Sorry, I didn’t connect your name to that script…

So you want to switch between nvidia and intel.
Then you’d need to disable/remove the xorg.conf when booting with intel of course.

This should work:

mode=$(/sbin/lspci | egrep 'VGA|3D');
#Make sure we are in command of /usr/X11R6/lib
if  -e /etc/ld.so.conf.d/nvidia-gfxG0*.conf ]; then
    /bin/rm /etc/ld.so.conf.d/nvidia-gfxG0*.conf
fi

#Check graphics mode and take apropriate action
if  `echo $mode | grep -c "Intel" ` -gt 0 ]; then
      /usr/sbin/update-alternatives --set libglx.so /usr/lib64/xorg/modules/extensions/xorg/xorg-libglx.so
      /sbin/ldconfig
      if  -e /etc/X11/xorg.conf ]; then
          mv /etc/X11/xorg.conf /etc/X11/xorg.conf.nvidia
      fi
 fi

if  -e /usr/X11R6/lib64/libGL.so.1 ]; then
    /bin/rm /usr/X11R6/lib64/libGL.so.1
fi

if  -e /usr/X11R6/lib/libGL.so.1 ]; then
    /bin/rm /usr/X11R6/lib/libGL.so.1
fi

if  `echo $mode | grep -c "NVIDIA" ` -gt 0 ]; then
    /usr/sbin/update-alternatives --set libglx.so /usr/lib64/xorg/modules/extensions/nvidia/nvidia-libglx.so
    /sbin/ldconfig /usr/X11R6/lib64
    /sbin/ldconfig /usr/X11R6/lib
    if  -e /etc/X11/xorg.conf.nvidia ]; then
        mv /etc/X11/xorg.conf.nvidia /etc/X11/xorg.conf
    fi
 fi

Maybe for you, but not to me. “Of course” – grmbl.

Hey, thank you very much, those lines improved the new boot.local a lot!

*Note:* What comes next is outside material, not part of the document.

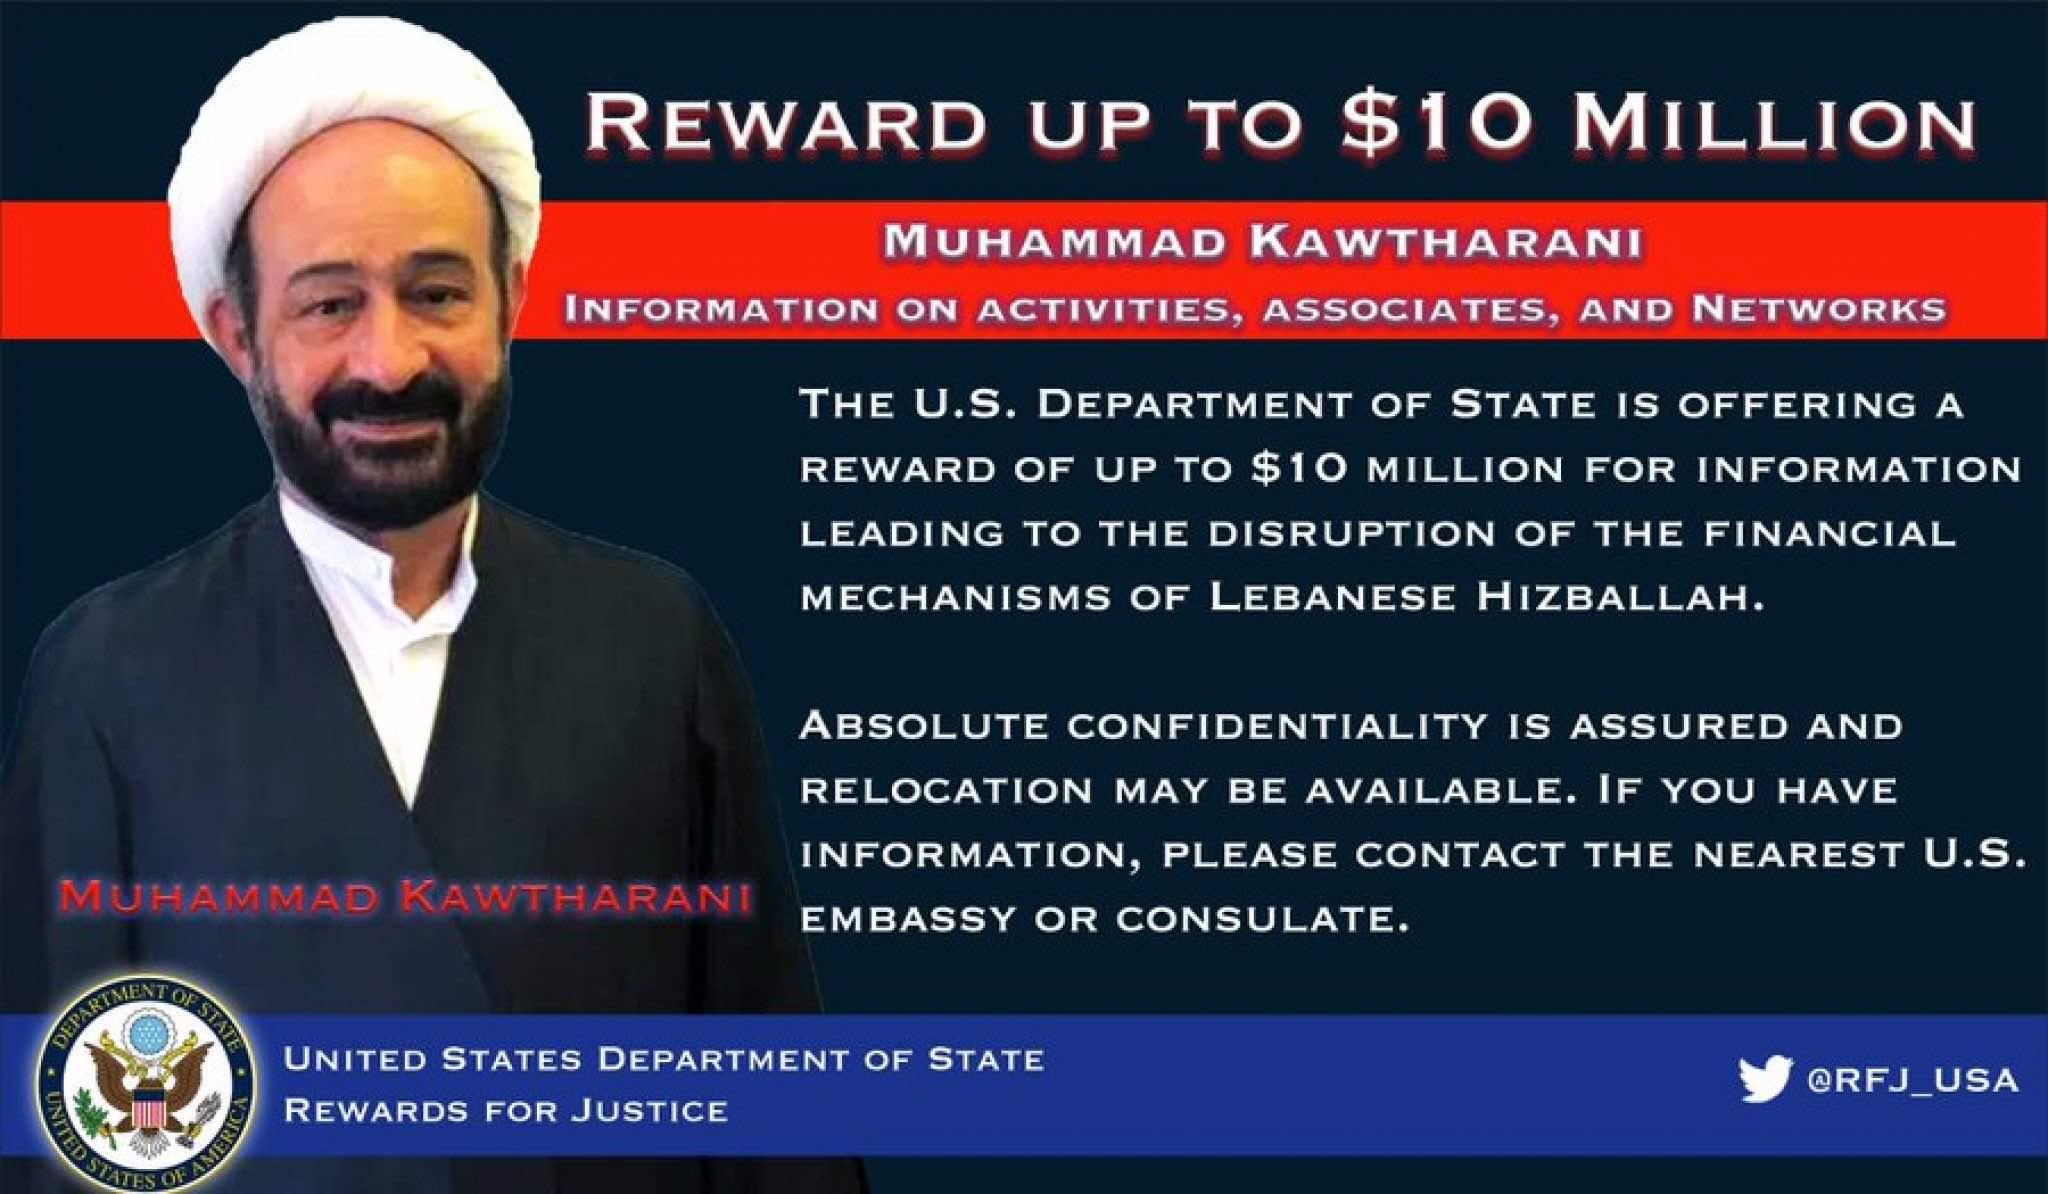 Muhammad Kawtharani
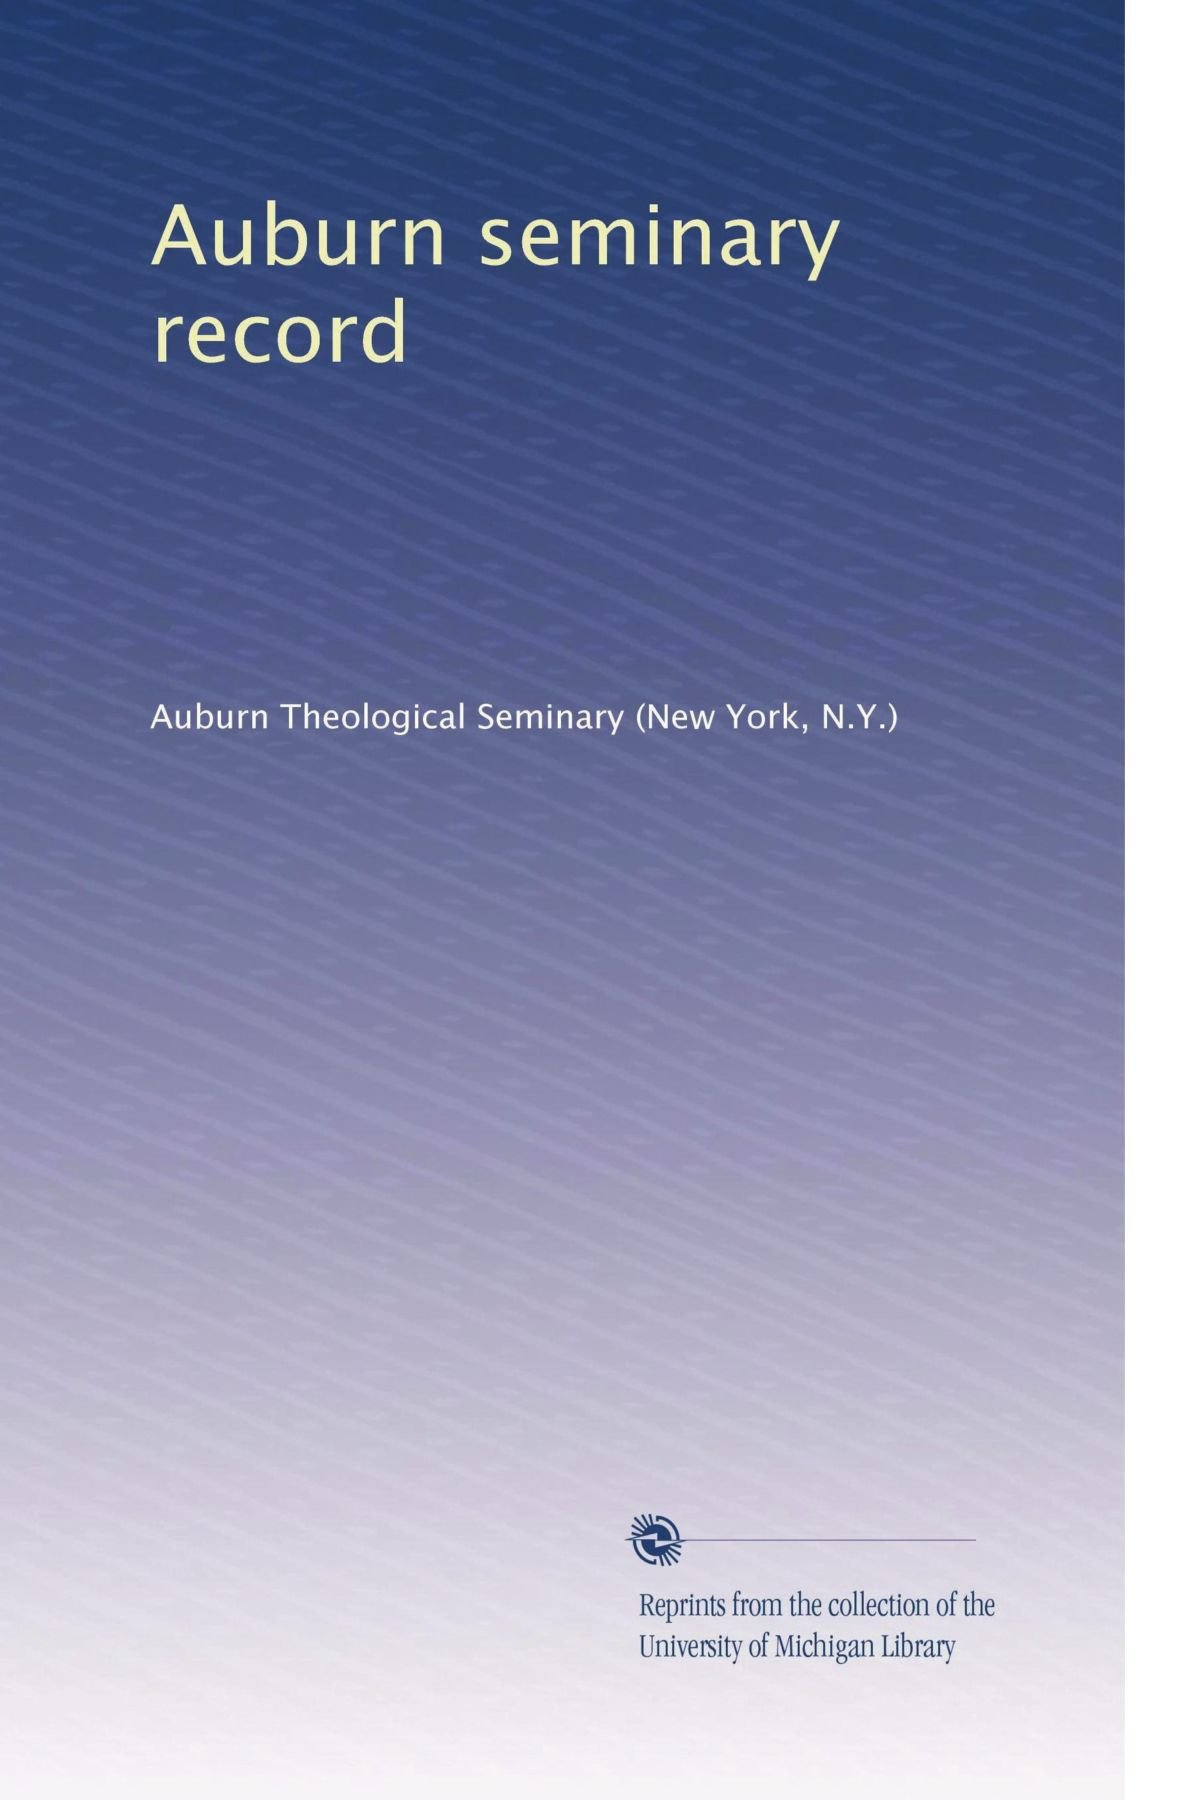 Download Auburn seminary record (Volume 24) PDF

I’m gonna test it during the next weeks an will be back…

Have a nice weekend!

And thanks to you as well, gogalthorp (by the way, has this nick a meaning?)

No just a name I have used for a long time

The hardware is different with the differnt modes in the BIOS. Most optimus machine appear to be optimus only forget any other mode.